La causa por la agresión al diputado Federico Pelli vuelve a escalar en tensión. La querella solicitó una nueva audiencia tras los recientes reveses judiciales y se prepara para insistir con dos planteos clave contra el acusado, Marcelo «Pichón» Segura, imputado por lesiones graves agravadas por alevosía en Tucumán.

El pedido llega luego de que la Justicia concediera el arresto domiciliario al agresor, una decisión que generó fuerte rechazo en el entorno del legislador, quien debió ser intervenido quirúrgicamente tras el ataque.
El foco en la prisión domiciliaria
El principal objetivo de la querella es revertir el beneficio de la prisión domiciliaria otorgado a Segura. La defensa había solicitado esta medida, que fue finalmente aceptada por el juez Raúl Robín Márquez, sin oposición del Ministerio Público Fiscal.
El magistrado dispuso que el imputado cumpla una prisión preventiva de cuatro meses en su domicilio, con vigilancia electrónica y controles policiales sorpresivos, lo que despertó cuestionamientos por parte de la parte acusadora.
Críticas a la decisión judicial
Desde la querella fueron contundentes: consideran que la medida no se corresponde con la gravedad del hecho investigado. En ese sentido, cuestionaron la «morigeración de la medida de coerción», al entender que el ataque reviste características que ameritan una respuesta más estricta.

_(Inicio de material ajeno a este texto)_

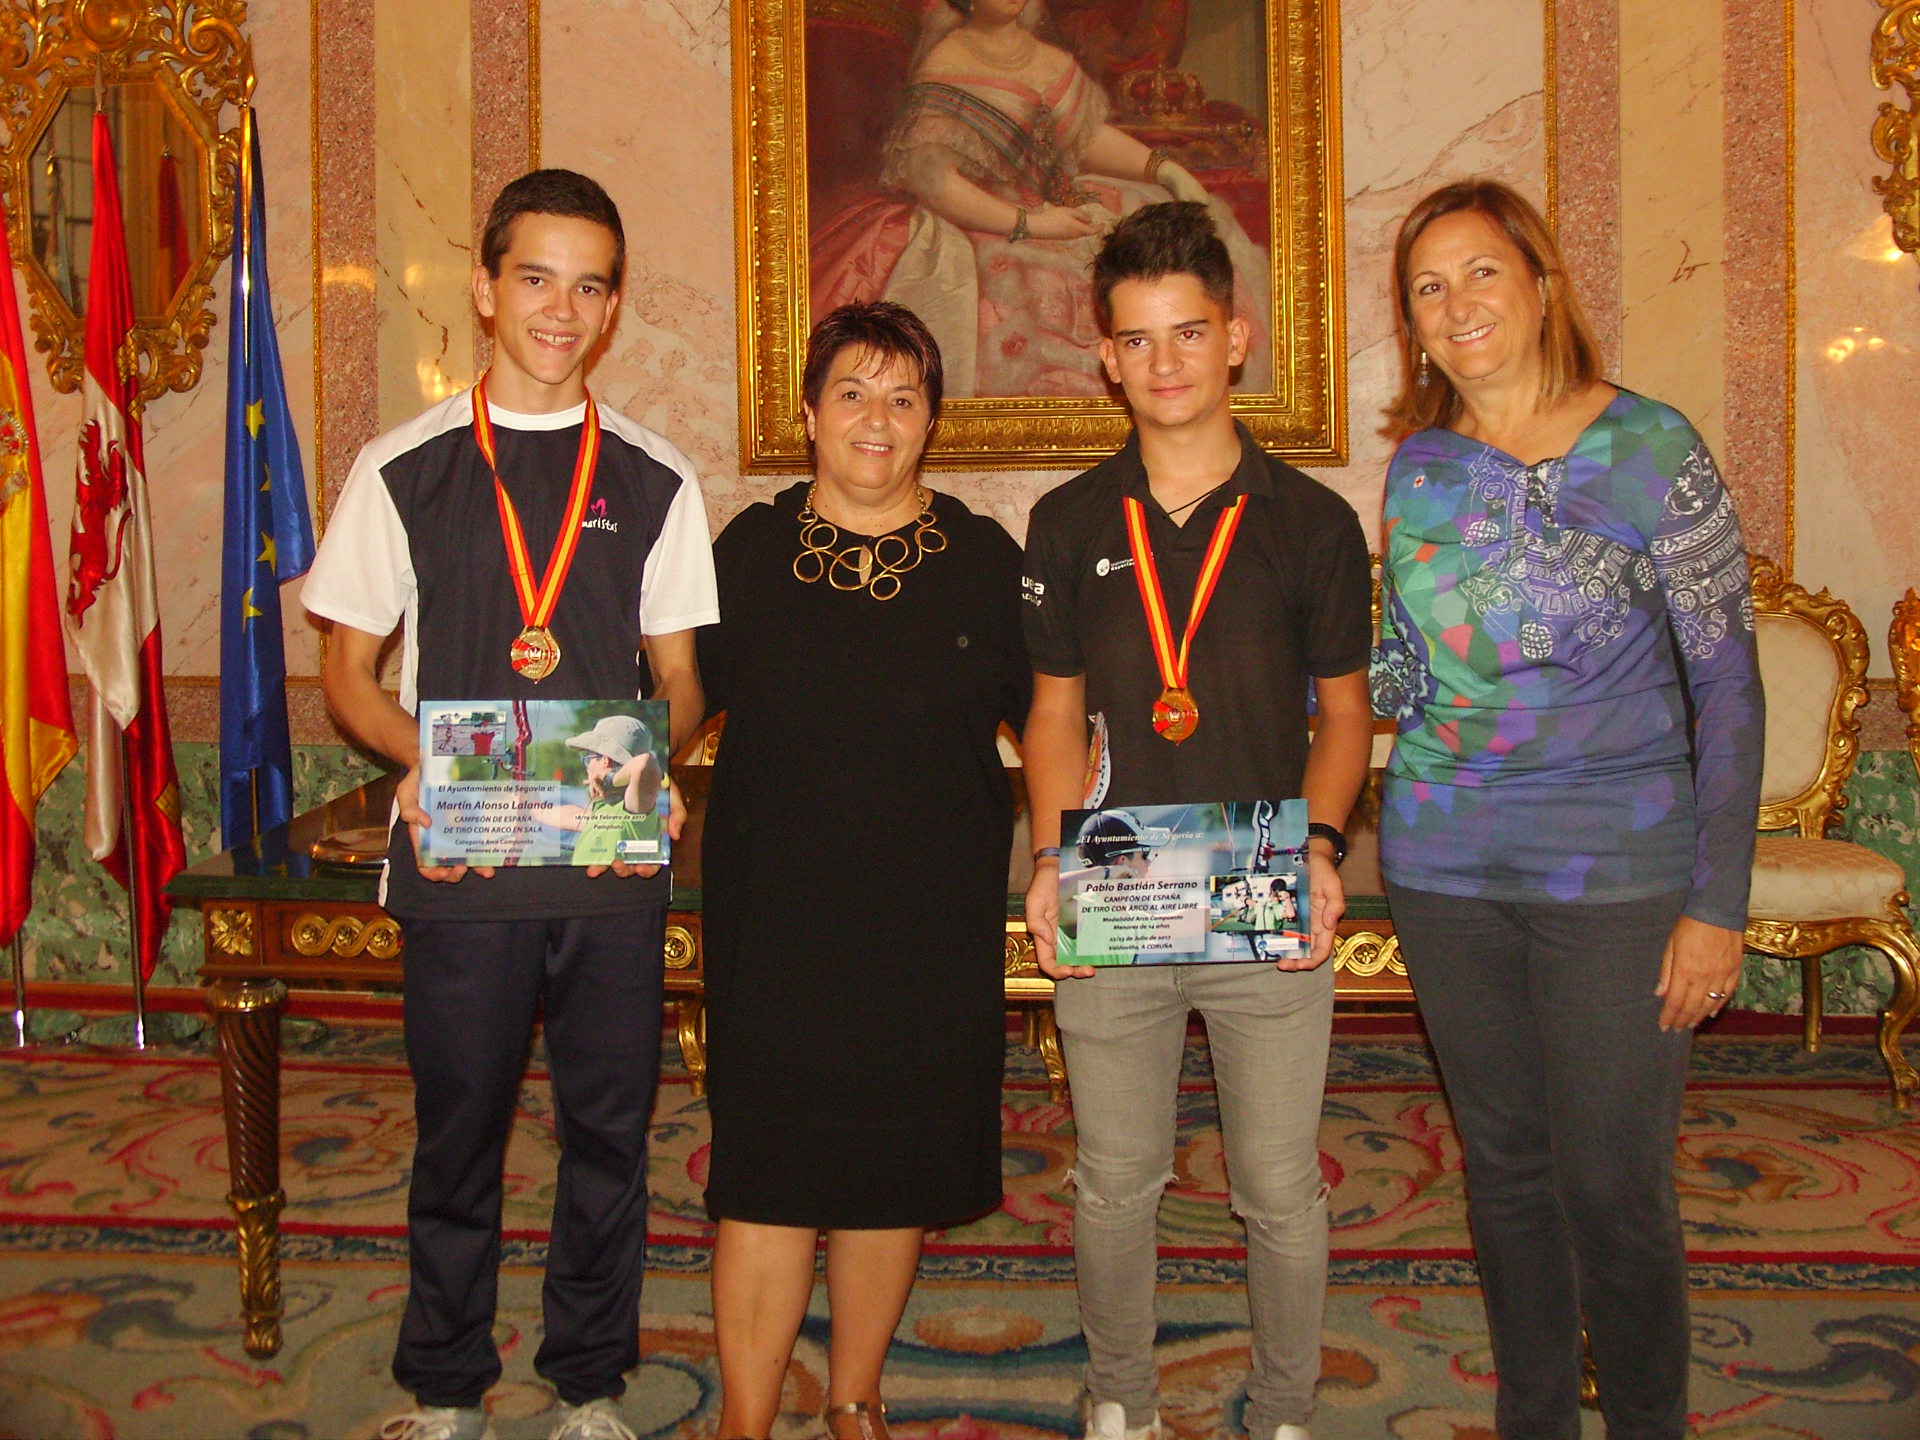 La alcaldesa y la concejala de deportes reciben a los Campeones de España de Tiro con Arco

El malestar también se vincula con el impacto institucional del caso, al tratarse de una agresión contra un funcionario público en ejercicio.
Qué se define en la próxima audiencia
La nueva audiencia será determinante para el rumbo del proceso. Allí, la querella buscará no solo endurecer las condiciones de detención de Segura, sino también influir en la vía procesal que seguirá la causa.
Según trascendió, lo que se resuelva podría definir si el expediente avanza hacia un juicio abreviado o si se encamina a un juicio plenario, con mayor exposición pública y desarrollo probatorio.
Un caso que pone en juego la percepción de justicia
Más allá de lo judicial, el caso ya tiene un fuerte impacto político e institucional. La resolución final será observada de cerca, ya que podría sentar un precedente sobre cómo se abordan las agresiones contra dirigentes políticos en Tucumán.
Mientras tanto, la domiciliaria de Segura se mantiene vigente, en un contexto donde crecen las dudas y la presión para que la causa tenga un desenlace acorde a la gravedad de los hechos.